Program code is implemented as computer-readable instructions that when executed by the processor cause the processor to perform tasks. Examples of such tasks may include: configuration of other logic (e.g., the machine learning subsystem 1400), memory mapping of the memory resources, and control/articulation of the other peripherals (if present). In some embodiments, the program code may be statically stored within the apparatus as firmware. In other embodiments, the program code may be dynamically stored (and changeable) via software updates. In some such variants, software may be subsequently updated by external parties and/or the user, based on various access permissions and procedures.


Machine Learning Subsystem

The following discussion provides a specific discussion of the internal operations, design considerations, and/or alternatives, for the machine learning subsystem 1400. Here, “machine learning” refers to computing techniques that “learn” to perform specific tasks through observation and inference rather than explicit examples. Neural networks are one type of machine learning techniques. Here, a sparse matrix processor is used to emulate a neural network of logical nodes.


As a brief aside, there are many different types of parallelism that may be leveraged in neural network processing. Data-level parallelism refers to operations that may be performed in parallel over different sets of data. Control path-level parallelism refers to operations that may be separately controlled. Thread-level parallelism spans both data and control path parallelism; for instance, two parallel threads may operate on parallel data streams and/or start and complete independently. Parallelism and its benefits for neural network processing are described within U.S. patent application Ser. No. 17/367,521 filed Jul. 5, 2021, and entitled “METHODS AND APPARATUS FOR THREAD-BASED SCHEDULING IN MULTICORE NEURAL NETWORKS”, previously incorporated by reference in its entirety.


The sparse matrix processor leverages thread-level parallelism and asynchronous handshaking to decouple sub-core-to-sub-core data path dependencies of the neural network.

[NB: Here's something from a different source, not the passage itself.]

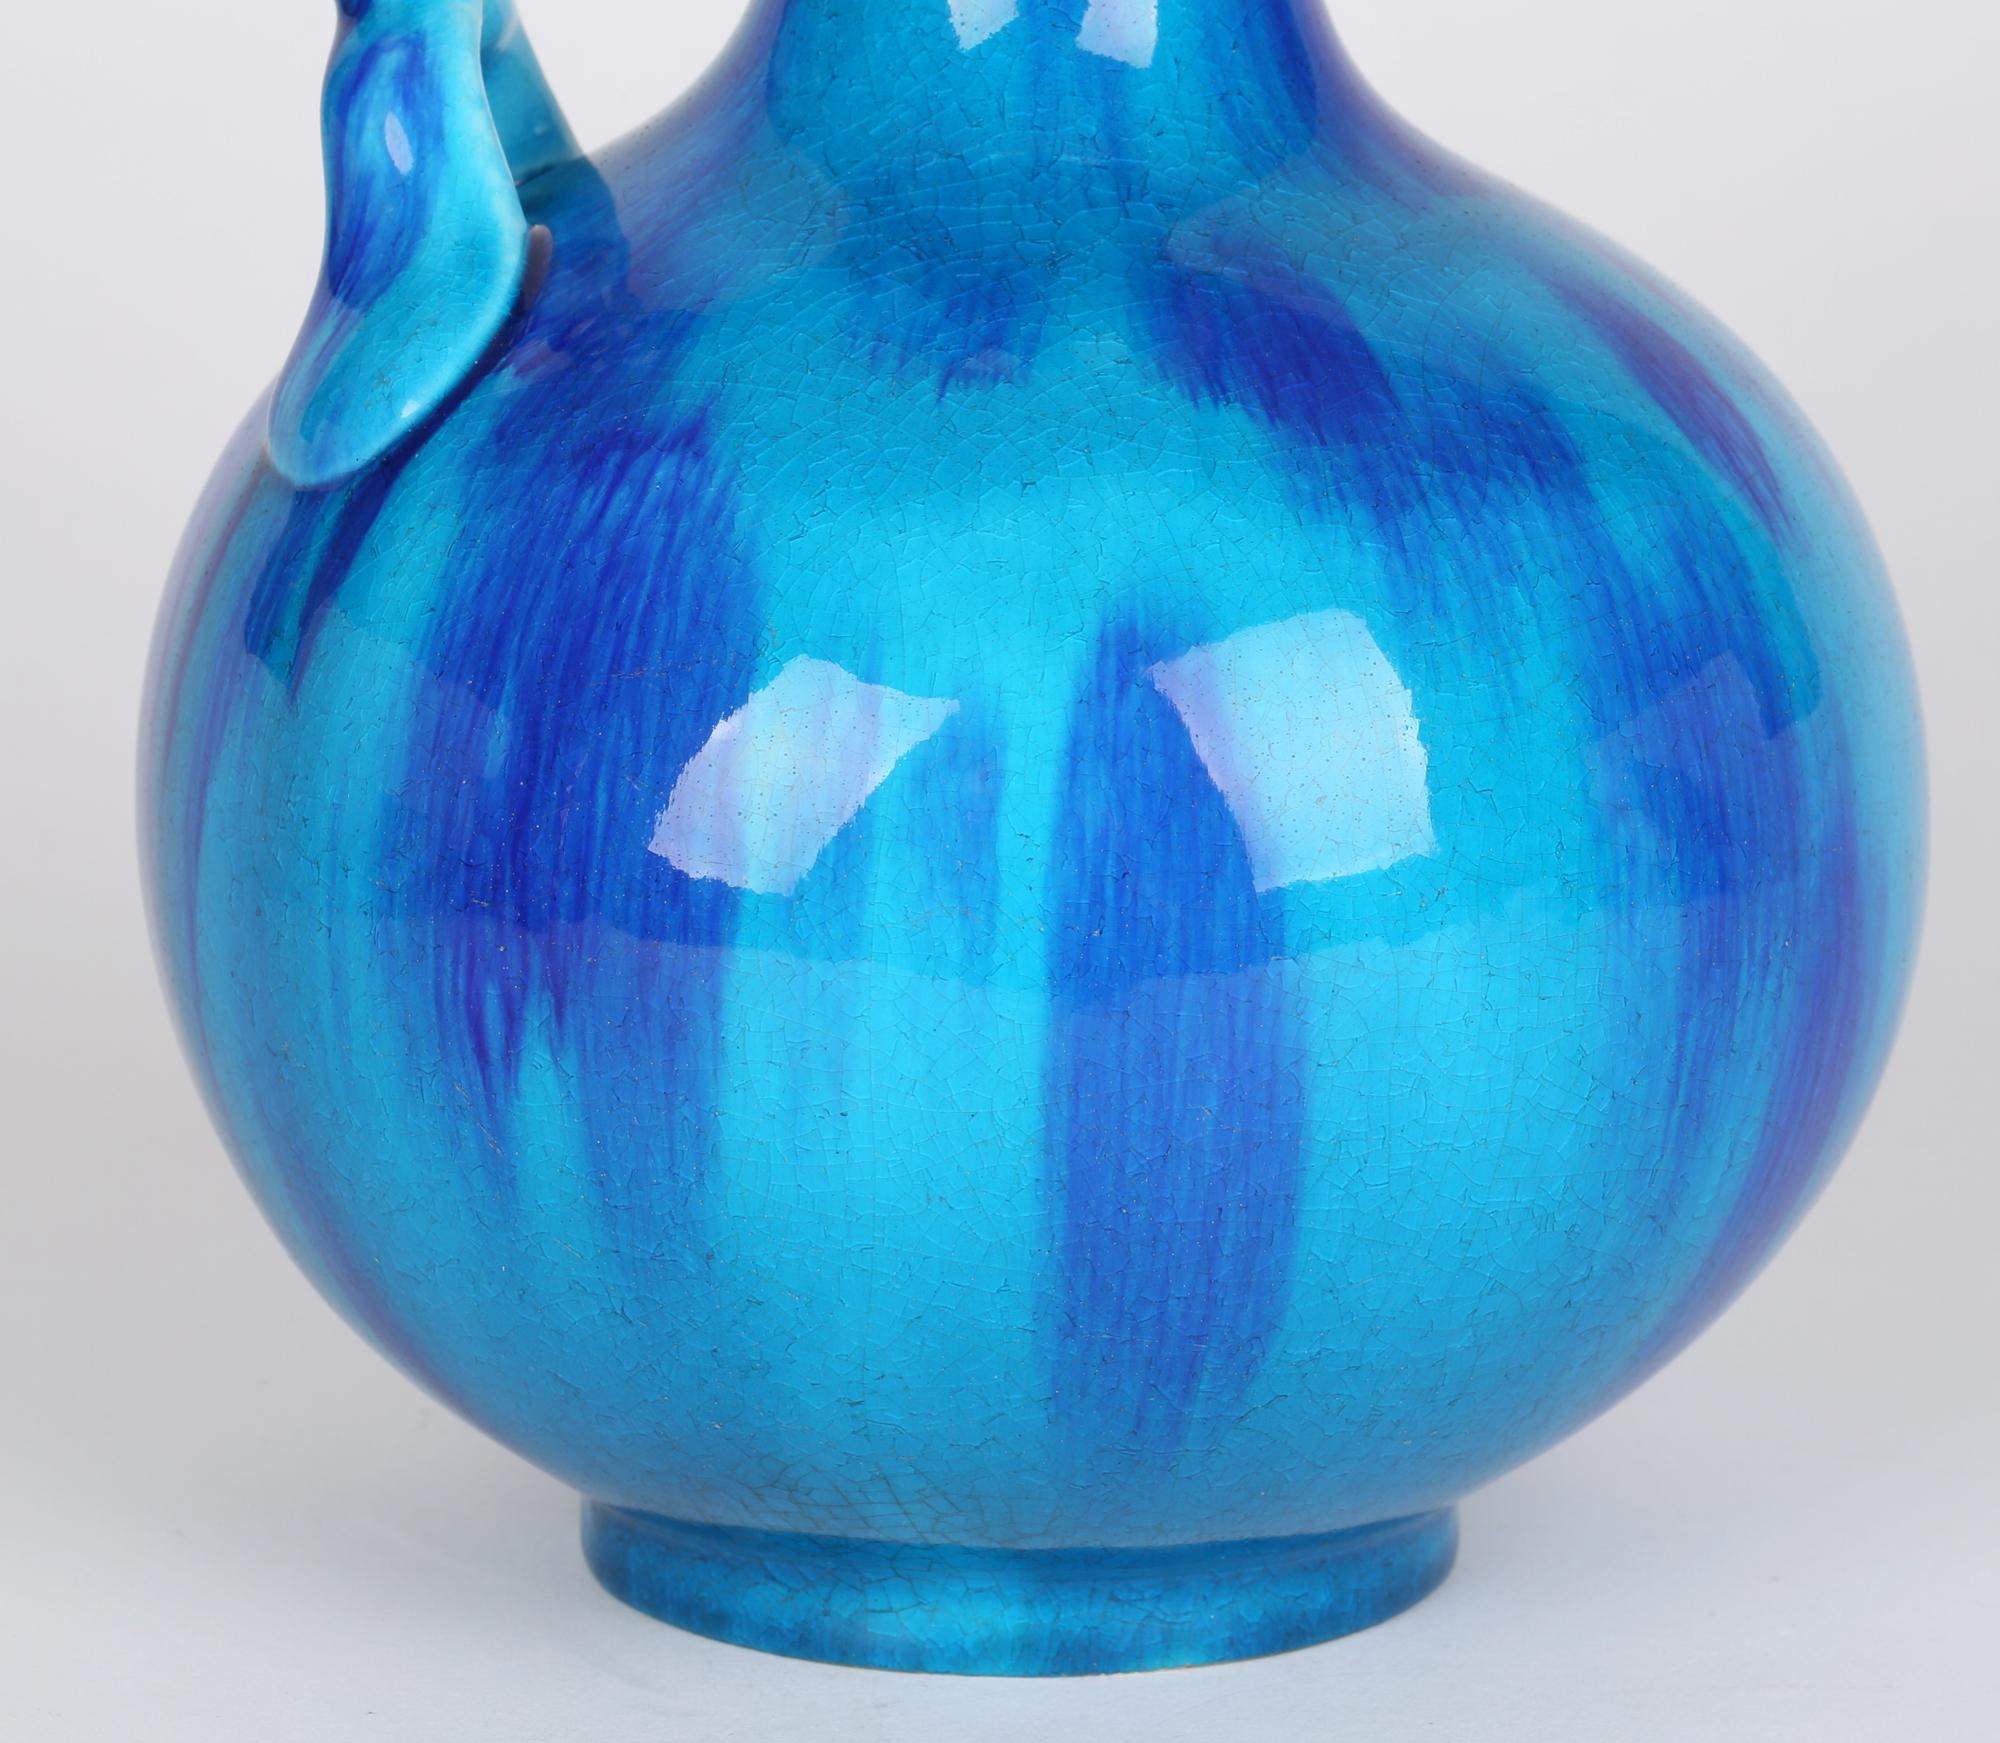 Minton Aesthetic Movement Blue & Turquoise Glazed Handled Art Pottery Vase 3

In other words, neural network threads run independently of one another, without any centralized scheduling and/or resource locking (e.g., semaphore signaling, critical path execution, etc.). Decoupling thread dependencies allows sub-cores to execute threads asynchronously. In one specific implementation, the thread-level parallelism uses packetized communication to avoid physical connectivity issues (e.g., wiring limitations), computational complexity, and/or scheduling overhead.


Translation logic is glue logic that translates the packet protocol natively used by the sub-cores to/from the system bus protocol. A “bus” refers to a shared physical interconnect between components; e.g., a “system bus” is shared between the components of a system. A bus may be associated with a bus protocol that allows the various connected components to arbitrate for access to read/write onto the physical bus. As used herein, the term “packet” refers to a logical unit of data for routing (sometimes via multiple “hops”) through a logical network—e.g., a logical network may span across multiple physical busses. The packet protocol refers to the signaling conventions used to transact and/or distinguish between the elements of a packet (e.g., address, data payload, handshake signaling, etc.).

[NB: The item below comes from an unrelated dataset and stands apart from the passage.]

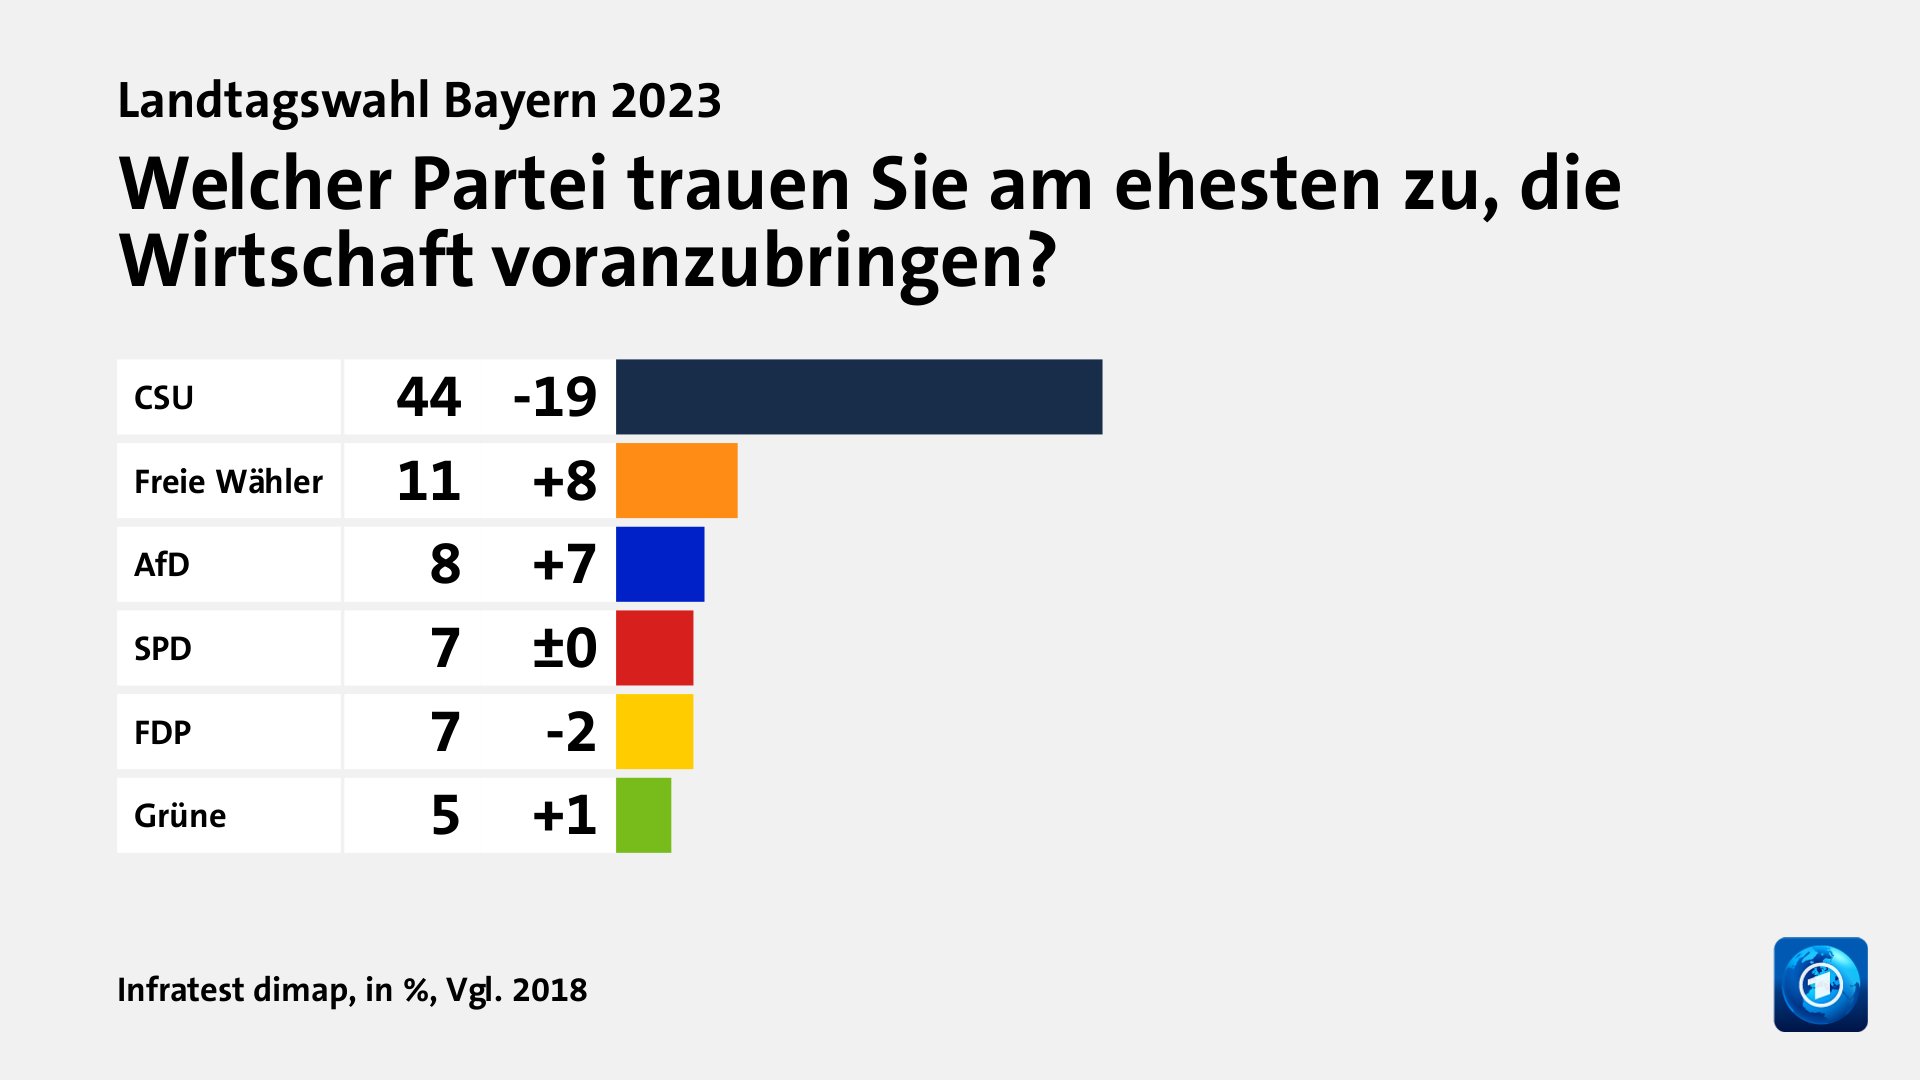 Welcher Partei trauen Sie am ehesten zu, die Wirtschaft voranzubringen?, in %, Vgl. 2018: CSU 44, Freie Wähler 11, AfD 8, SPD 7, FDP 7, Grüne 5, Quelle: Infratest dimap
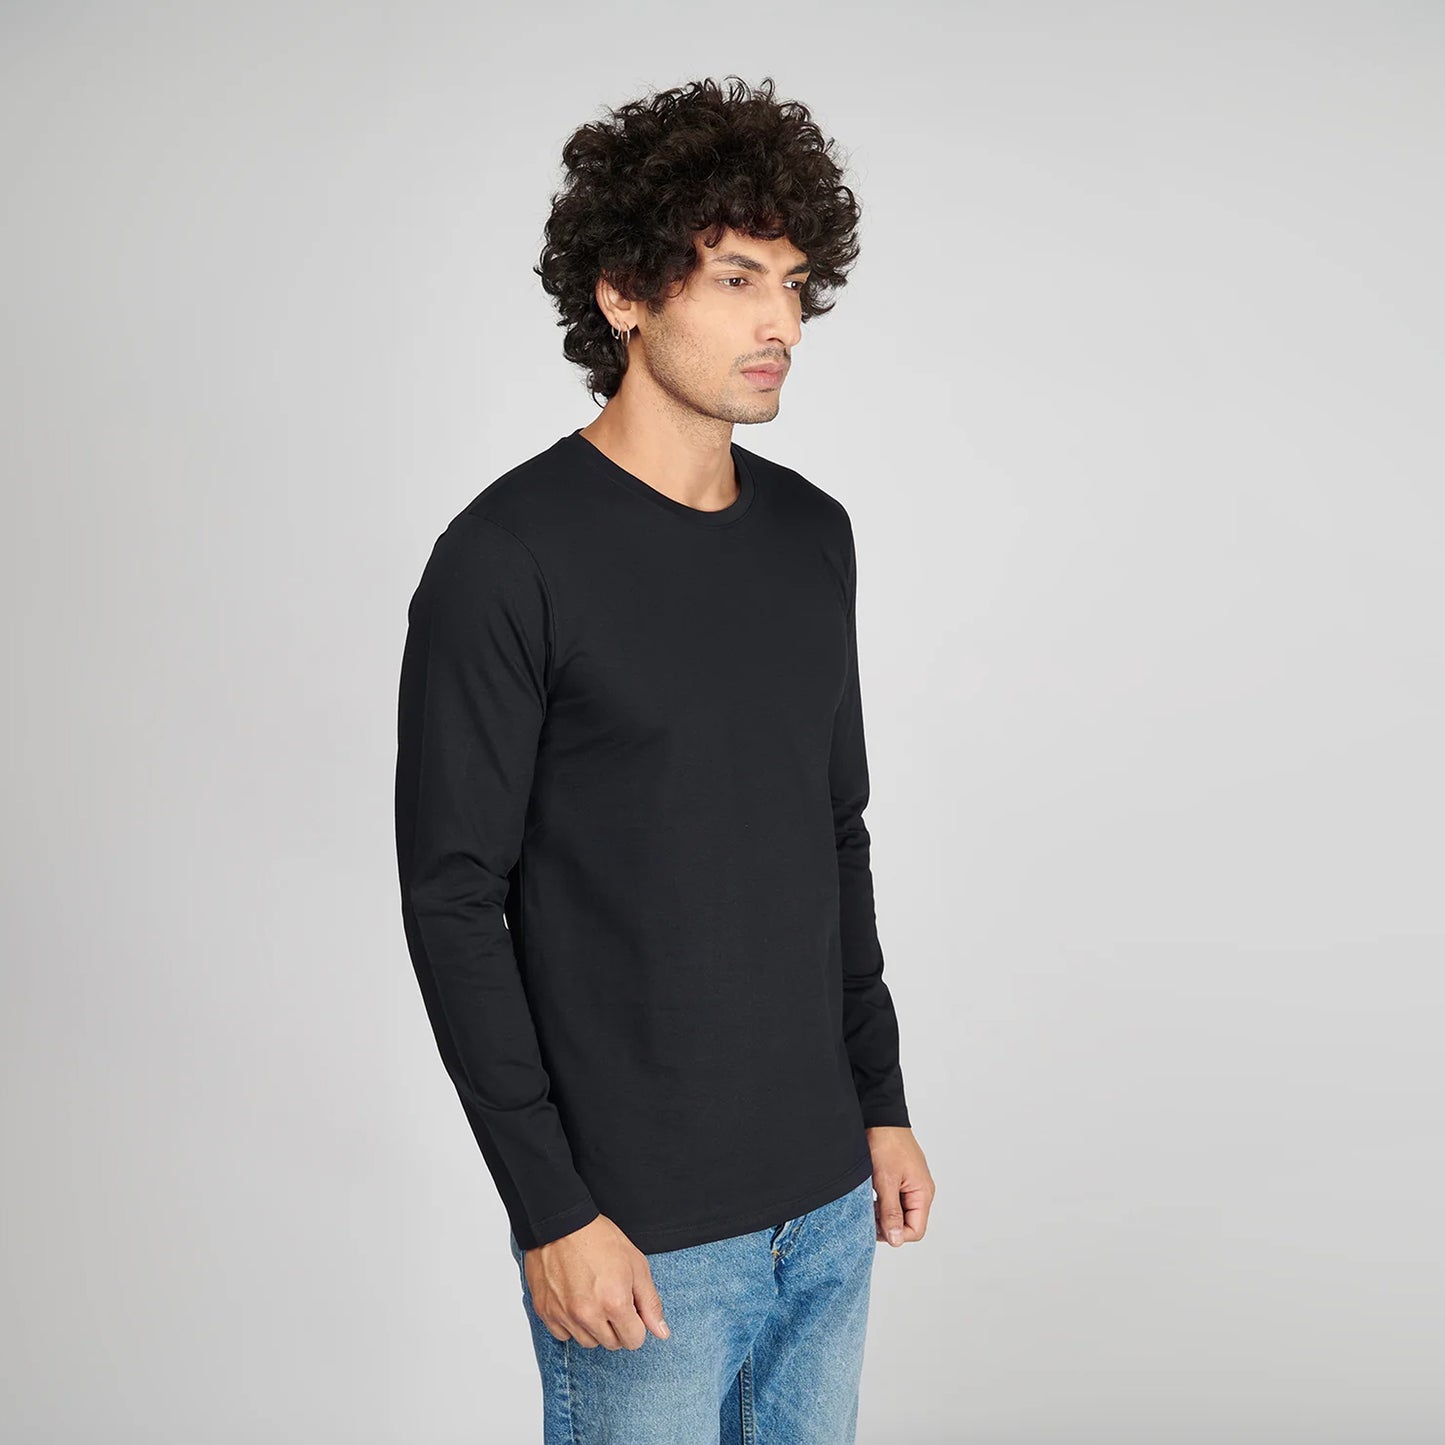 Basic Black Full Sleeves T-Shirt

To translate a packet to a system bus transaction, the translation logic converts the packet protocol information into physical signals according to the bus protocol. For example, the packet address data may be logically converted to address bits corresponding to the system bus (and its associated memory map). Similarly, the data payload may be converted from variable bit widths to the physical bit width of the system bus; this may include concatenating multiple payloads together, splitting payloads apart, and/or padding/deprecating data payloads. Control signaling (read/write) and/or data flow (buffering, ready/acknowledge, etc.) may also be handled by the translation logic.


To convert a system bus transaction to packet data, the process may be logically reversed. In other words, physical system bus data is read from the bus and written into buffers to be packetized. Arbitrarily sized data can be split into multiple buffers and retrieved one at a time or retrieved using “scatter-gather” direct memory access (DMA). “Scatter-gather” refers to the process of gathering data from, or scattering data into, a given set of buffers. The buffered data is then subdivided into data payloads, and addressed to the relevant logical endpoint (e.g., a sub-core of the neural network).


While the present discussion describes a packet protocol and a system bus protocol, the principles described throughout have broad applicability to any communication protocol. For example, some devices may use multiple layers of abstraction to overlay a logical packet protocol onto a physical bus (e.g., Ethernet), such implementations often rely on a communication stack with multiple distinct layers of protocols (e.g., a physical layer for bus arbitration, and a network layer for packet transfer, etc.).


As shown, each sub-core of the neural network includes its own processing hardware, local weights, global weights, working memory, and accumulator. These components may be generally re-purposed for other processing tasks. For example, memory components may be aggregated together to a specified bit width and memory range (e.g., a 1.5 Mb of memory could be re-mapped to an addressable range of 24K with 64 bit words, 48K with 32 bit words, etc.). In other implementations, processing hardware may provide, e.g., combinatorial and/or sequential logic, processing components (e.g., arithmetic logic units (ALUs), multiply-accumulates (MACs), etc.).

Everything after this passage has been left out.